彼は理解していた。さらに歩みを進めるためには、この世界に適応しなければならないと。

アビマニュは古びた鞄を開き、小さな袋を取り出す。

その中には、夕暮れの光に煌めく純金の小片が収められていた。

師であるバタラ・ワリからの贈り物。
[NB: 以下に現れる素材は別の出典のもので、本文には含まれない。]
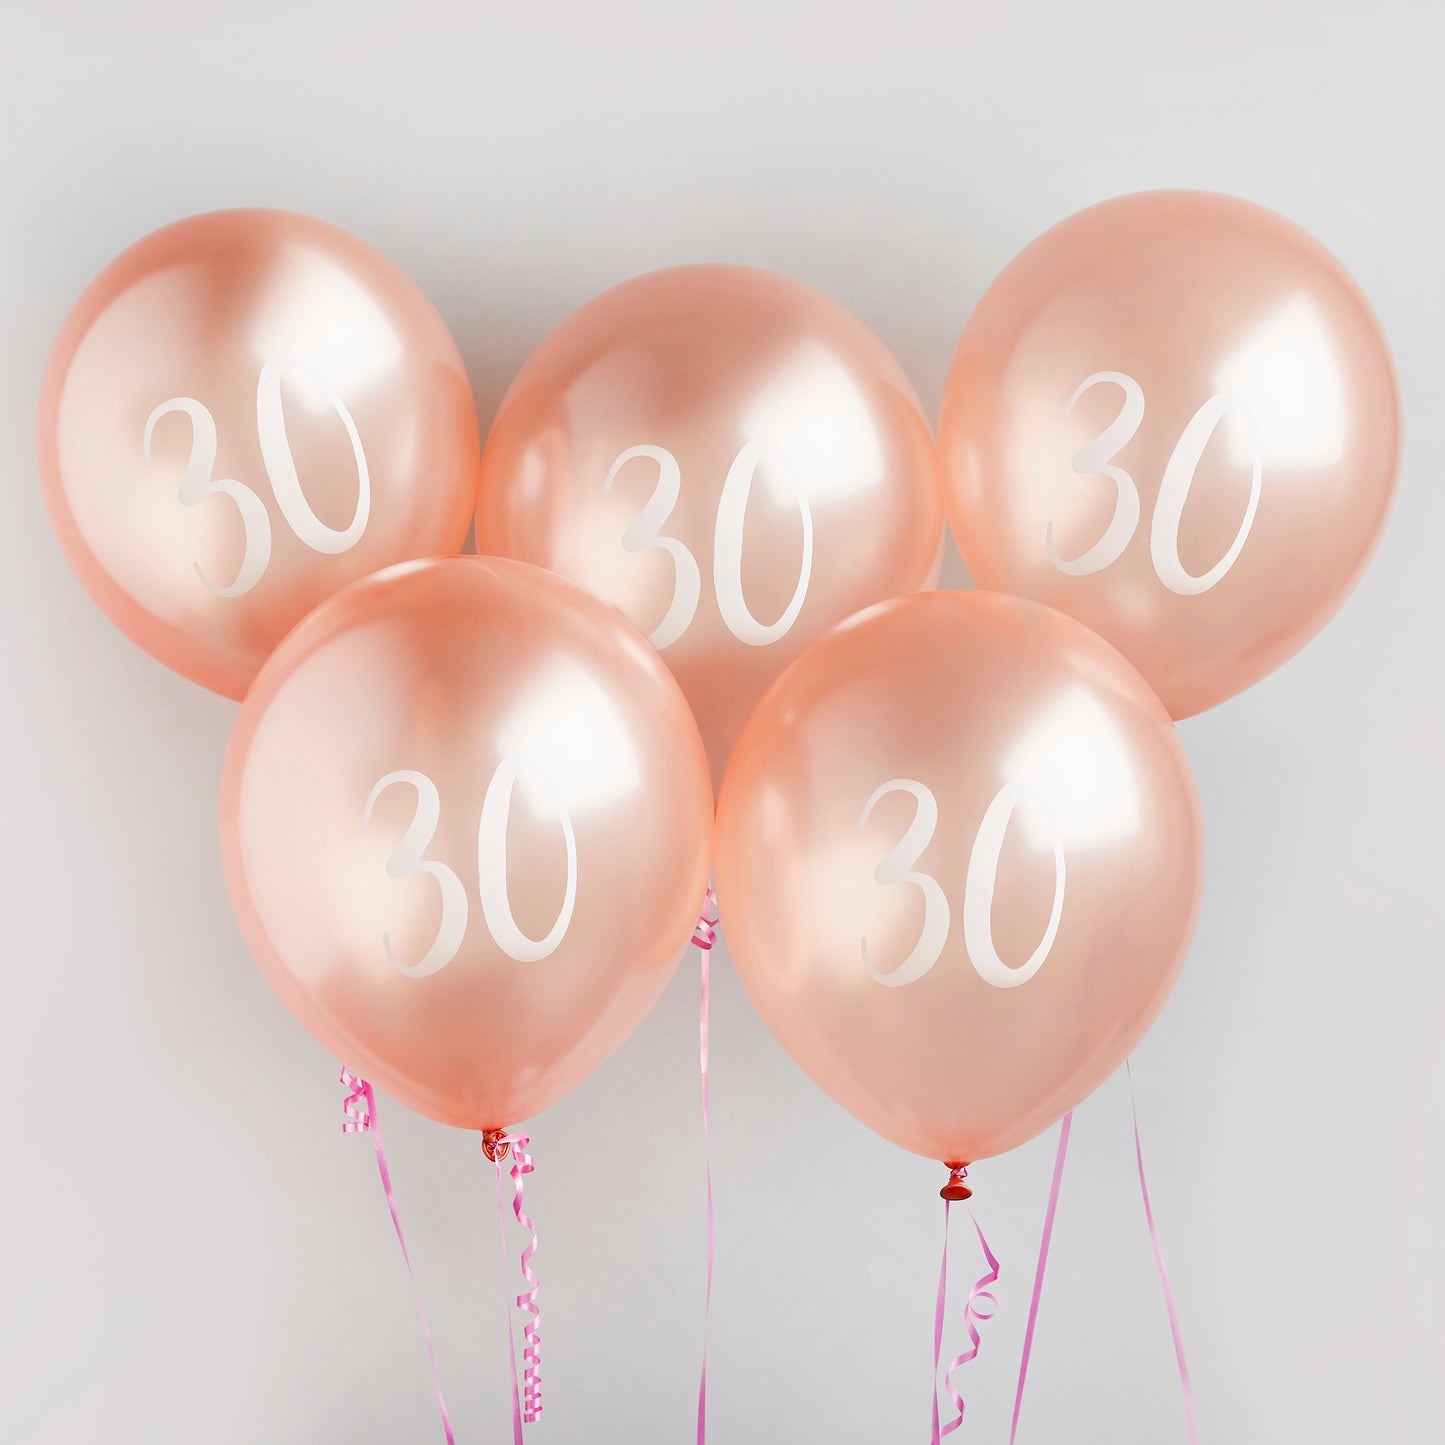 Hootyballoo 5 Pack Rose Gold Number '30' Balloons Birthday Partyware

あの異界を去る直前に手渡されたものだ。

「いつの日か、必ずこれが必要になるだろう」

――まるで師は、この世界を力だけでは渡り歩けないことを知っていたかのように。


アビマニュは街の小さな店でその金を売り払い、そして人々の喧噪の中から姿を消した。



夕日が沈みゆき、空を朱と橙の光で染め上げていく。

その時、高層ビルの屋上に一人の新たな姿が立っていた。


彼は頭の大半を覆う大きな黒いフード付きジャケットを纏っていた。

背中には大きく刻まれた一文字――解放カイホウ

袖には幾つものポケットがあり、同じくポケットだらけの戦闘用のパンツを履いていた。

足元の靴は現代的で柔軟、彼の素早い動きを確実に支えるものだった。


吹きつける夕風がフードをめくり上げる。

そこに現れたのは、一人の若き男の顔。

整えられた髪、鋭い眼差し。八年に及ぶ苛烈な修練が、その端正な面立ちに刻まれていた。
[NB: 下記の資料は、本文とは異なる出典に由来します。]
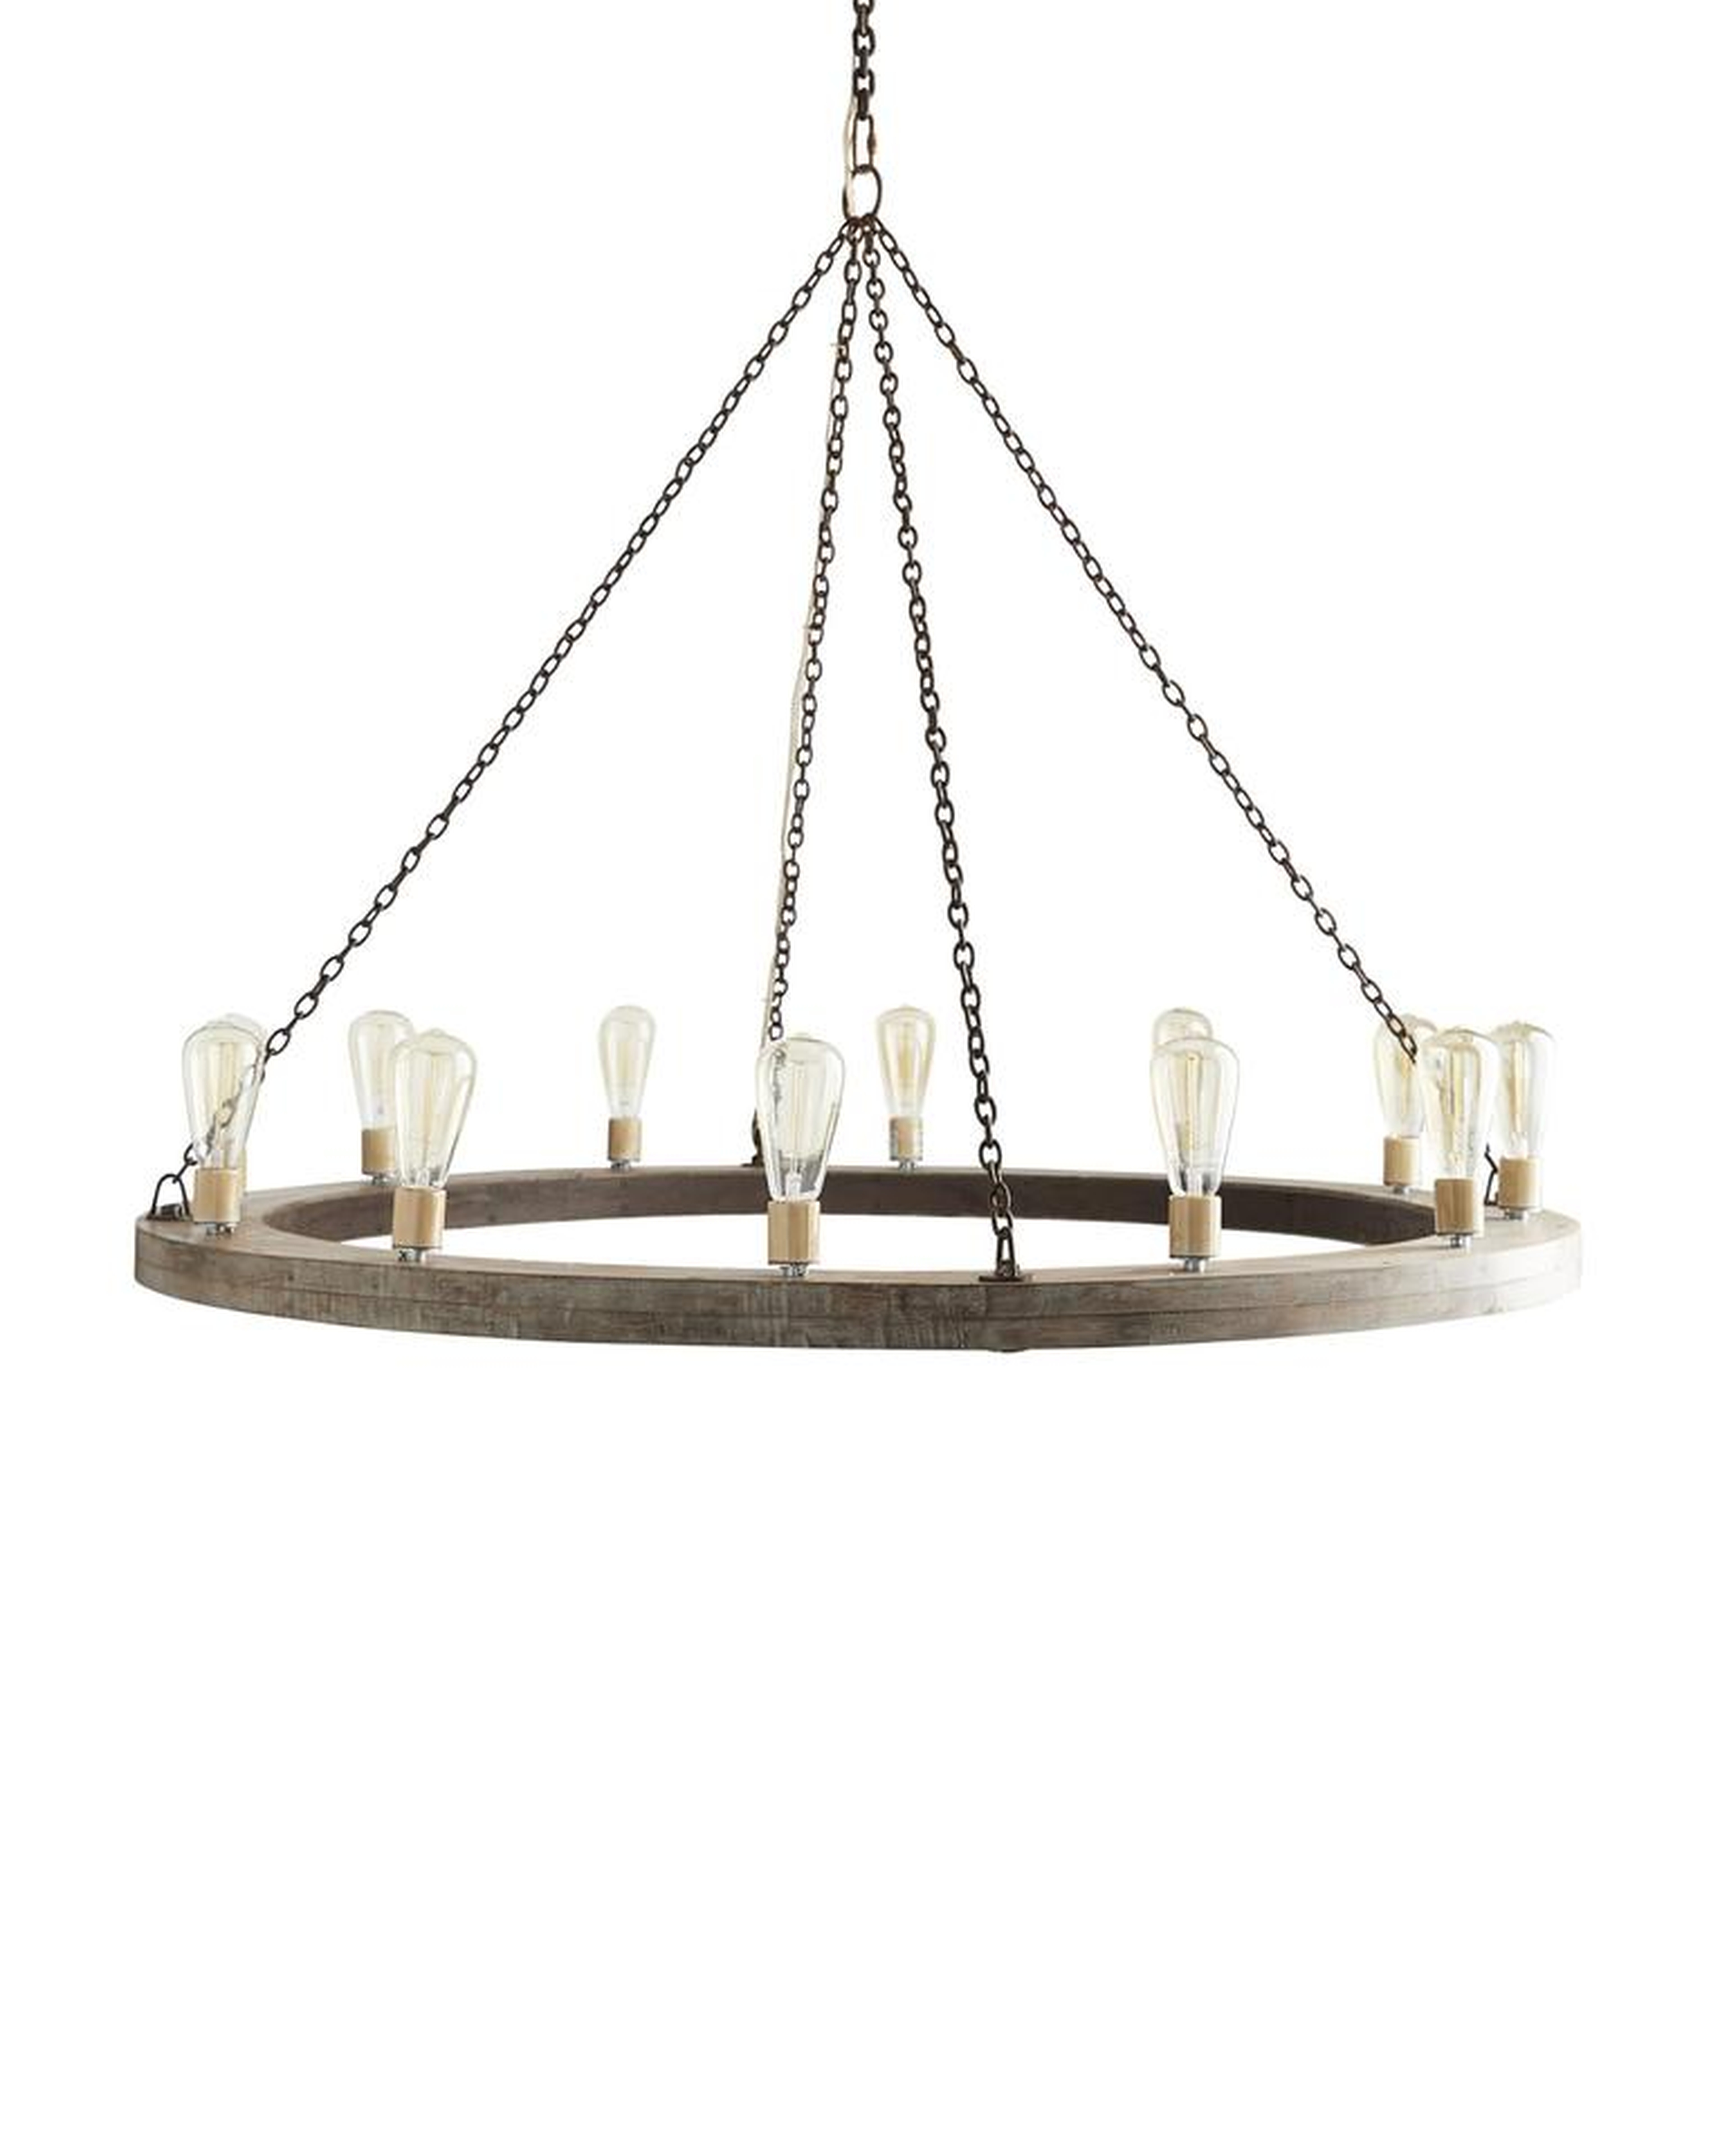 GEOFFREY SMALL CHANDELIER - McGee & Co.

アビマニュは高層ビルの縁に腰を下ろし、眼下に広がる光の海を見つめていた。

無数の車が川のように流れ、街灯とネオンが夜空を染める。

かつて山奥で耳にした風の音とは違う――ここでは鉄と煙の匂いが風に混じり、冷たい都会の夜を告げていた。


彼の心に、静かなる独白が響く。


――師よ……祖なるバタラ・ワリよ。

あなたはかつて、この高さから世界を見下ろしたことがあるのか。

そして……どの地平から、あの魔が再び姿を現すのだろうか。


アビマニュの瞳は鋭く光り、闇に潜む未来を射抜く。

拳を固め、胸奥から誓いが燃え上がる。


「奴が戻るその刻、我はここで待つ。

必ず迎え撃ち――打ち砕く。」


都市の喧噪は遠く、風と光だけが彼の誓いを見守っていた。

だがその静寂の裏で、運命の歯車はすでに軋みを上げて回り始めていた。